• [Exercise instructions]:
Given the entries below, would you transcribe exactly the lines starting at the one with "Hot Wax 40gr" and ending at the one with "Origami Case для", both kept, pictures omitted, nothing extra?

====== Extracted entries ======

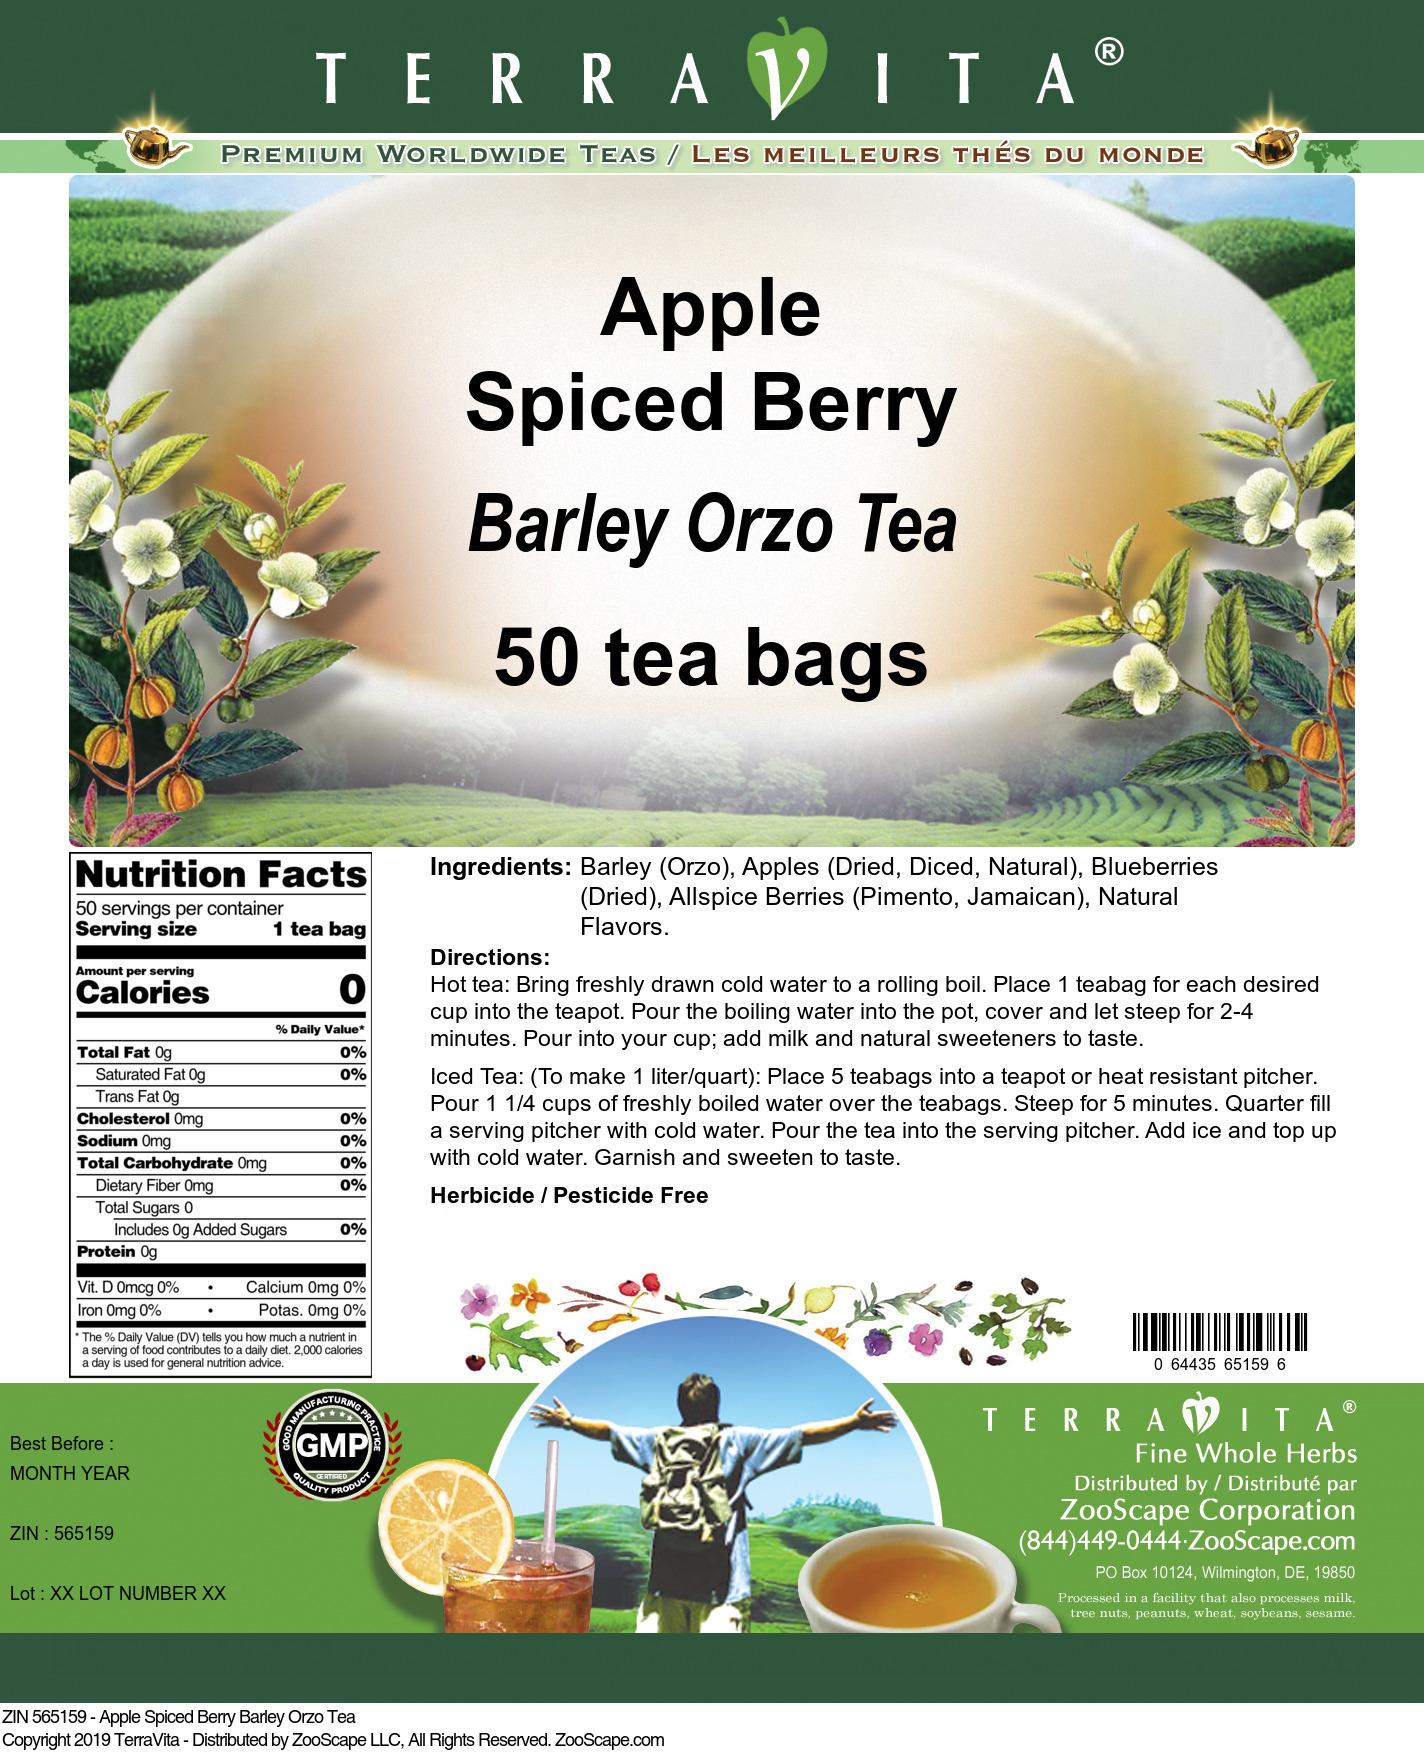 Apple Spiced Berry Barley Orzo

======
====== Extracted entries ======

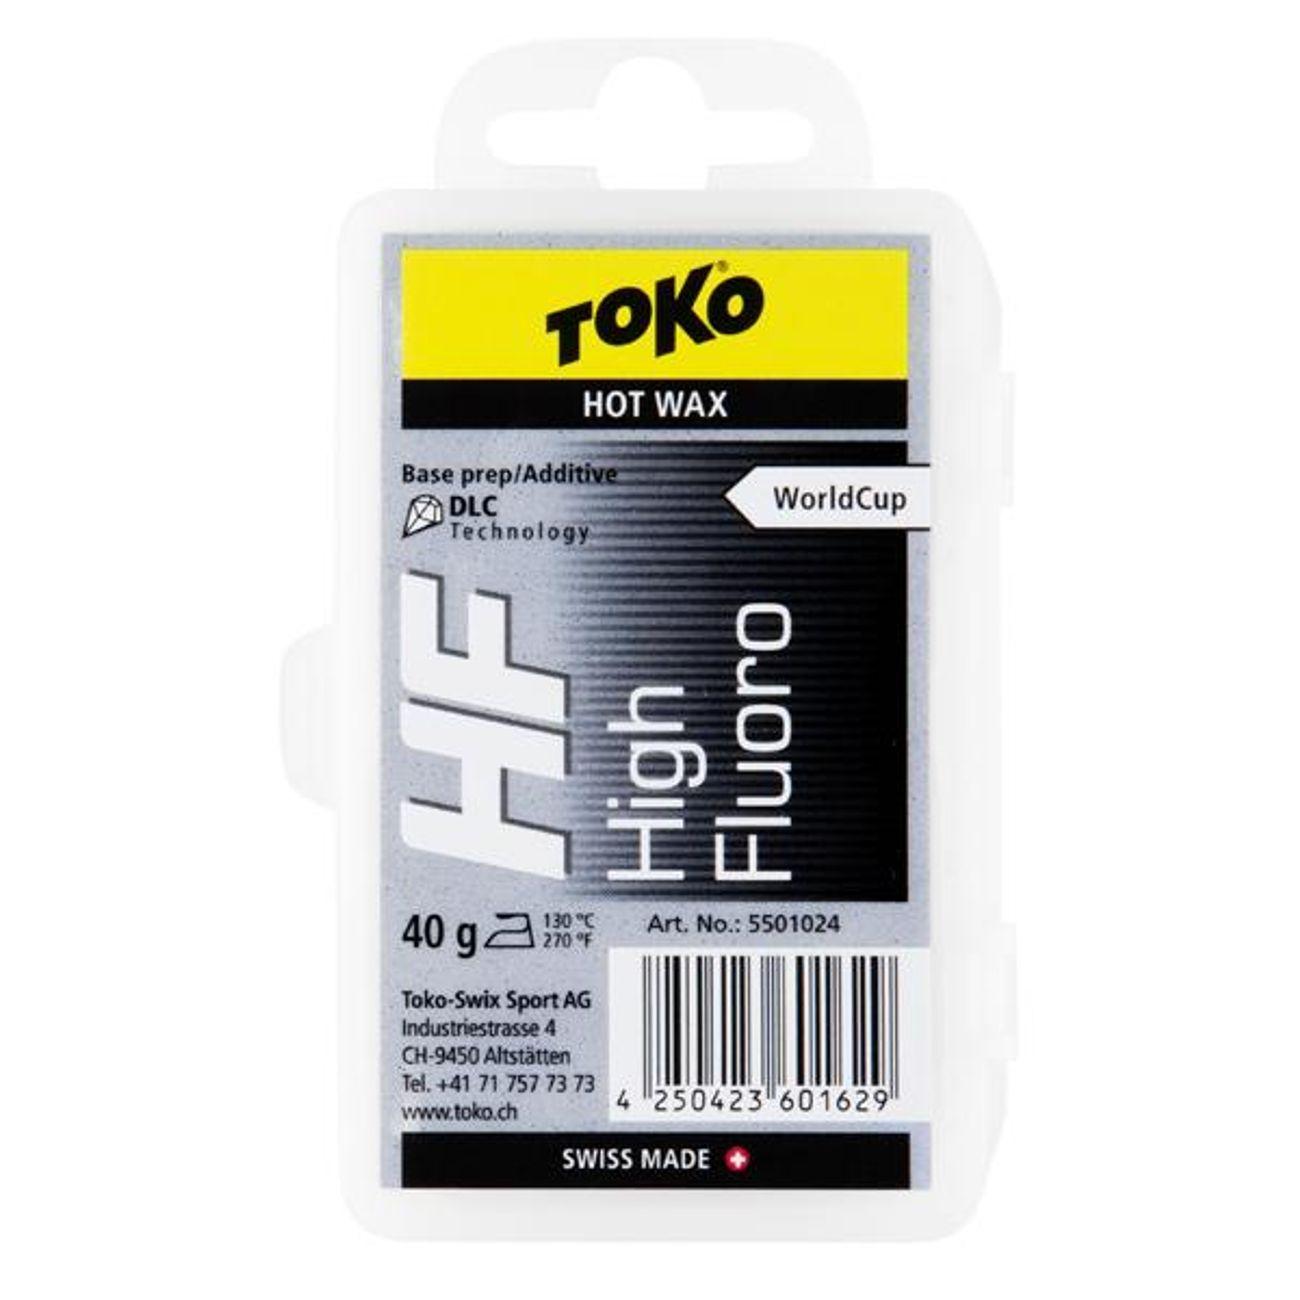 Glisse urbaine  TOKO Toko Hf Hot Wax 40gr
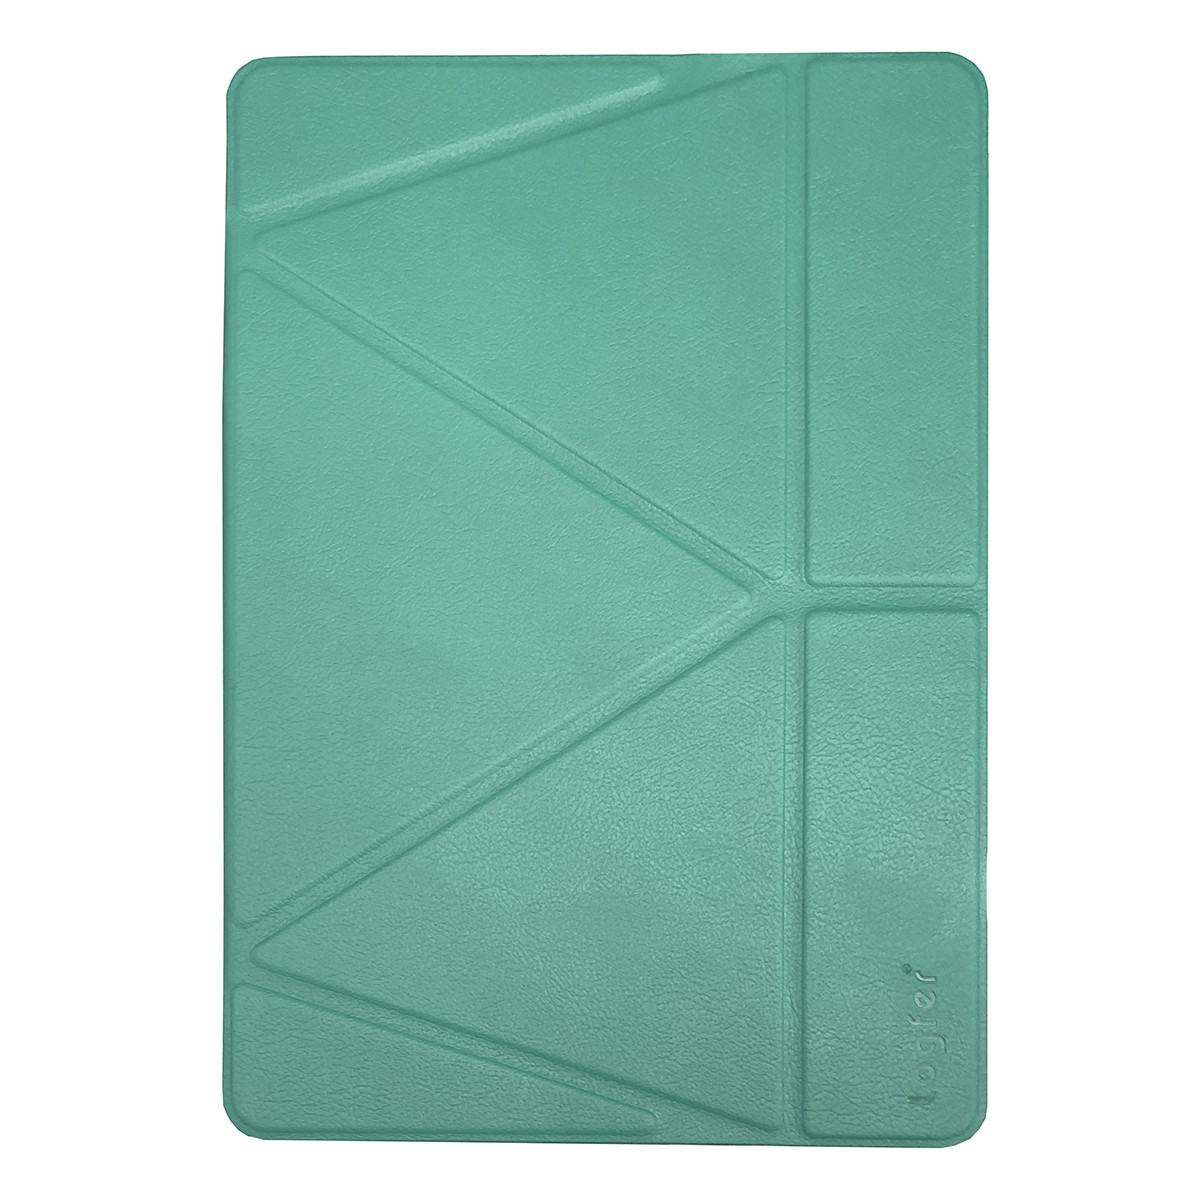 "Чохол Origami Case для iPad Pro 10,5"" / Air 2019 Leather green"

======

• [Solution]:
 Glisse urbaine  TOKO Toko Hf Hot Wax 40gr
 "Чохол Origami Case для iPad Pro 10,5"" / Air 2019 Leather green"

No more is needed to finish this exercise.